▶ [REQUIRED WORK]: Find the line that holds "Ceremony of initiation", then repeat it and each line below it word for word through the end of the listing, leaving out pictures.

INPUT DATA: Begin

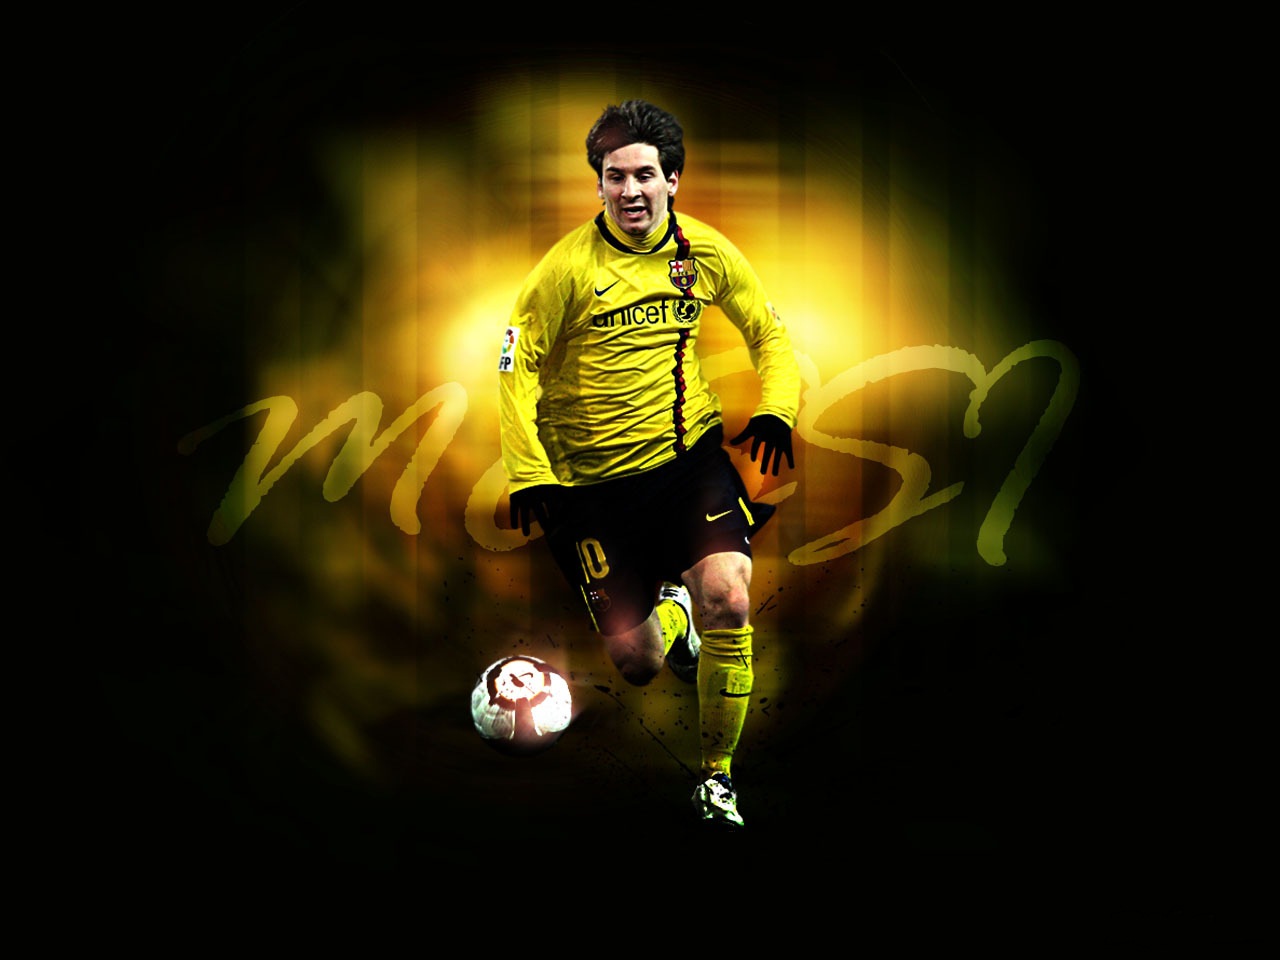 All Wallpapers Lionel Messi hd New Nice Wallpapers 2013
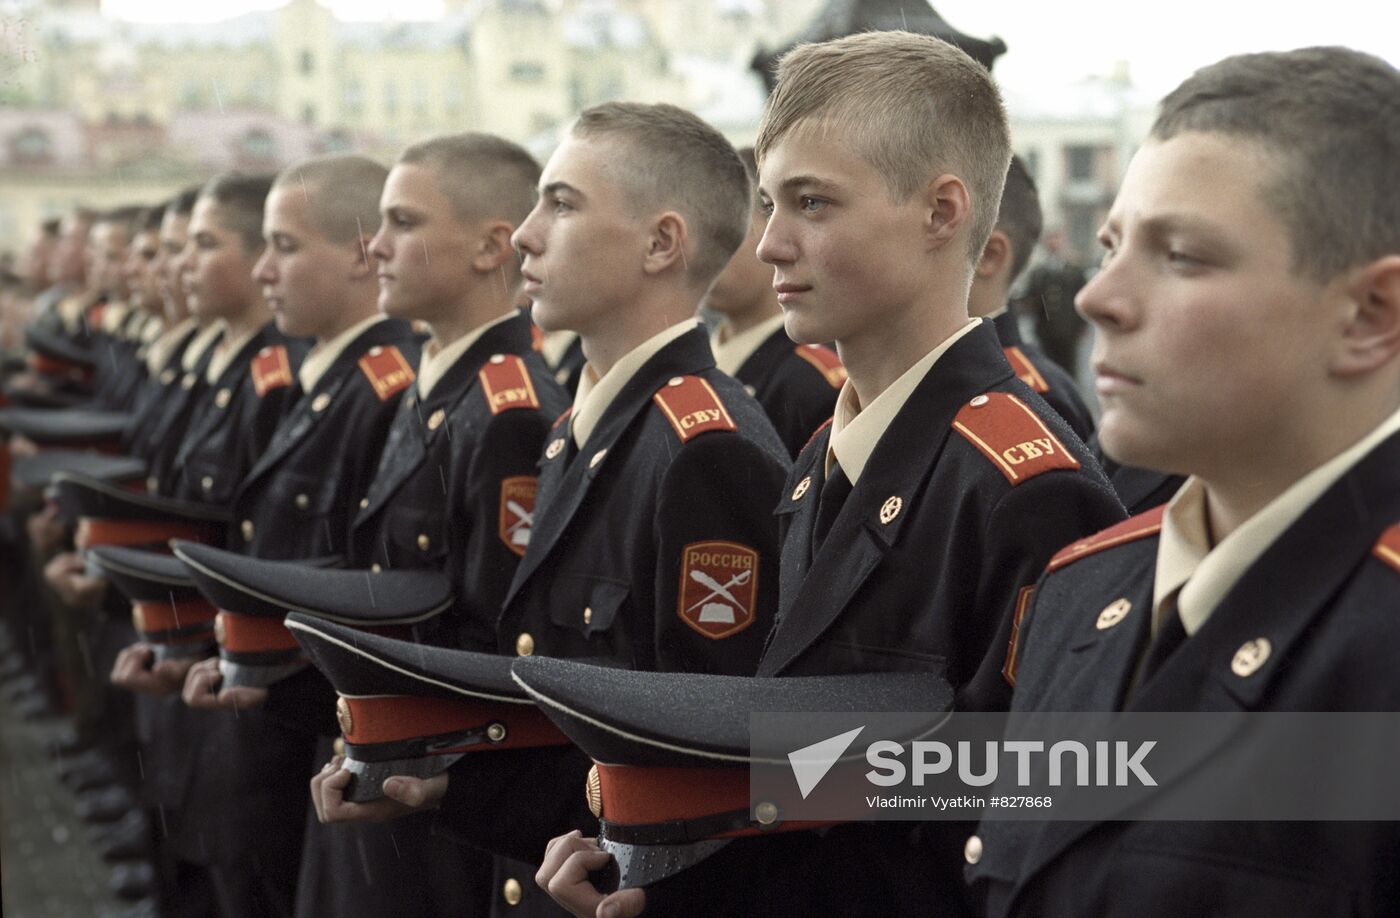 Ceremony of initiation into Suvorov Military School students
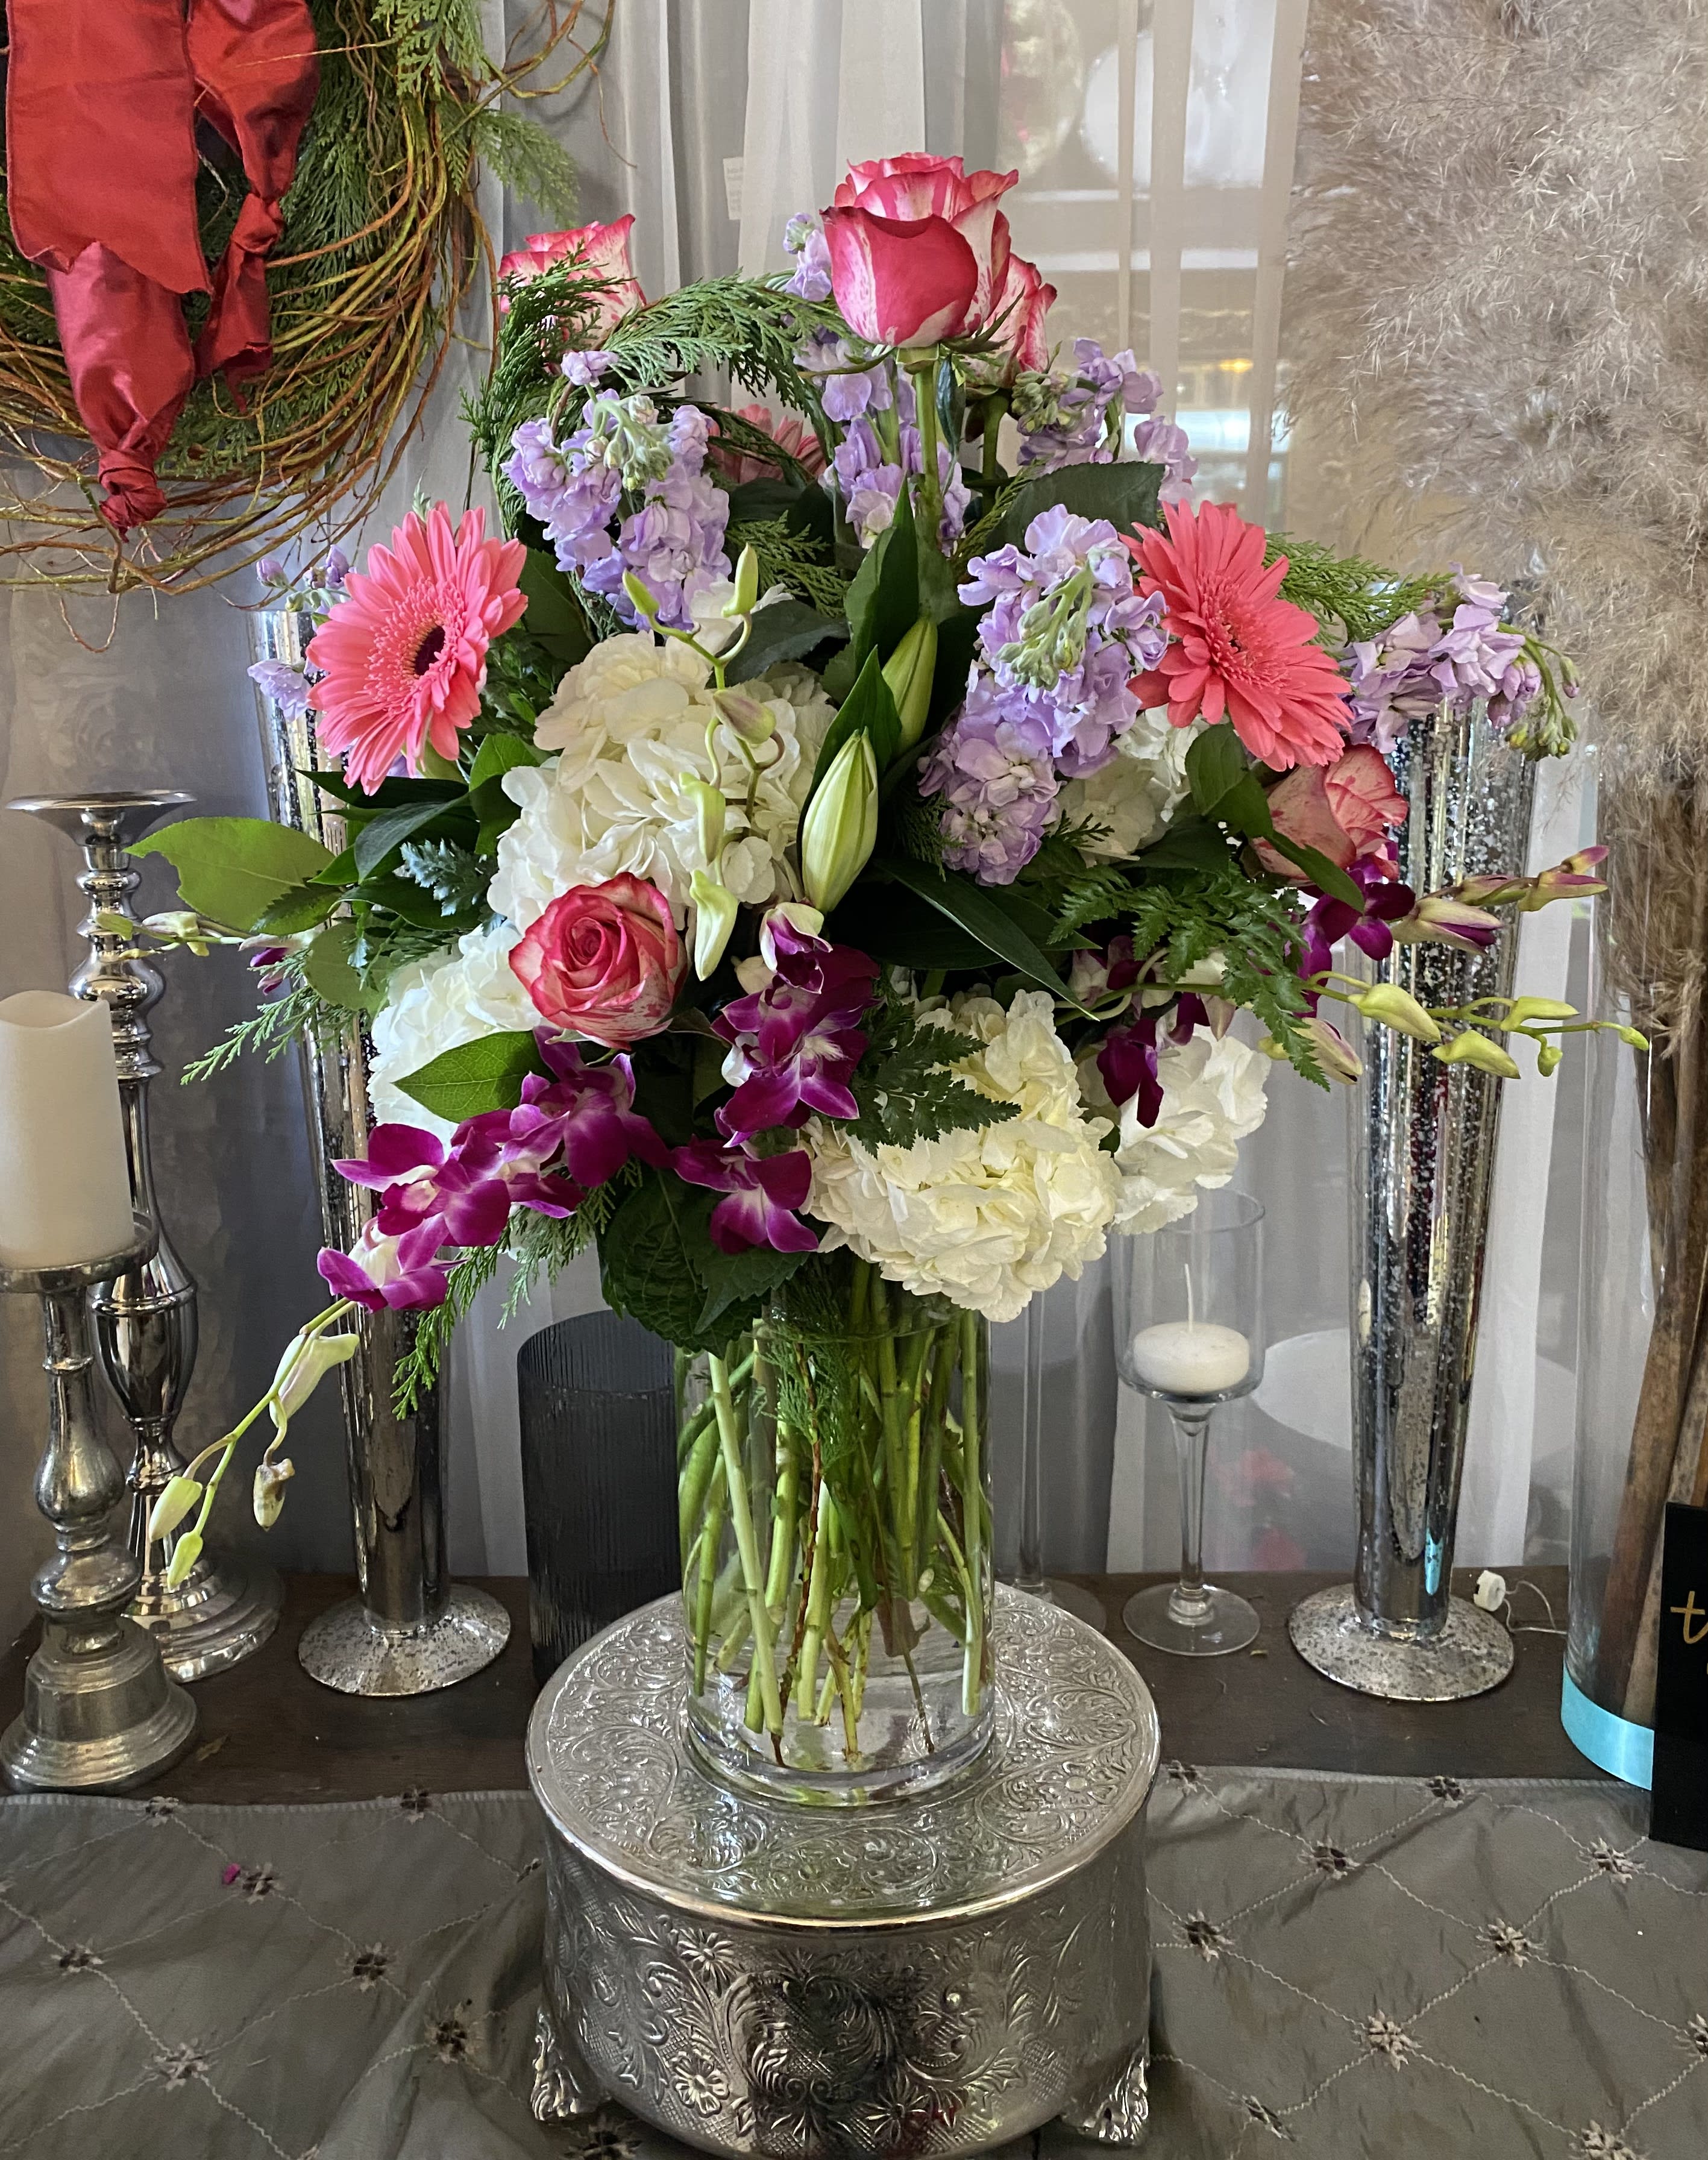 Blooming Bouquet - A tall and fun bouquet to brighten up any space.

INPUT DATA: End

▶ [WRITTEN RESPONSE]:
 Ceremony of initiation into Suvorov Military School students
 Blooming Bouquet - A tall and fun bouquet to brighten up any space.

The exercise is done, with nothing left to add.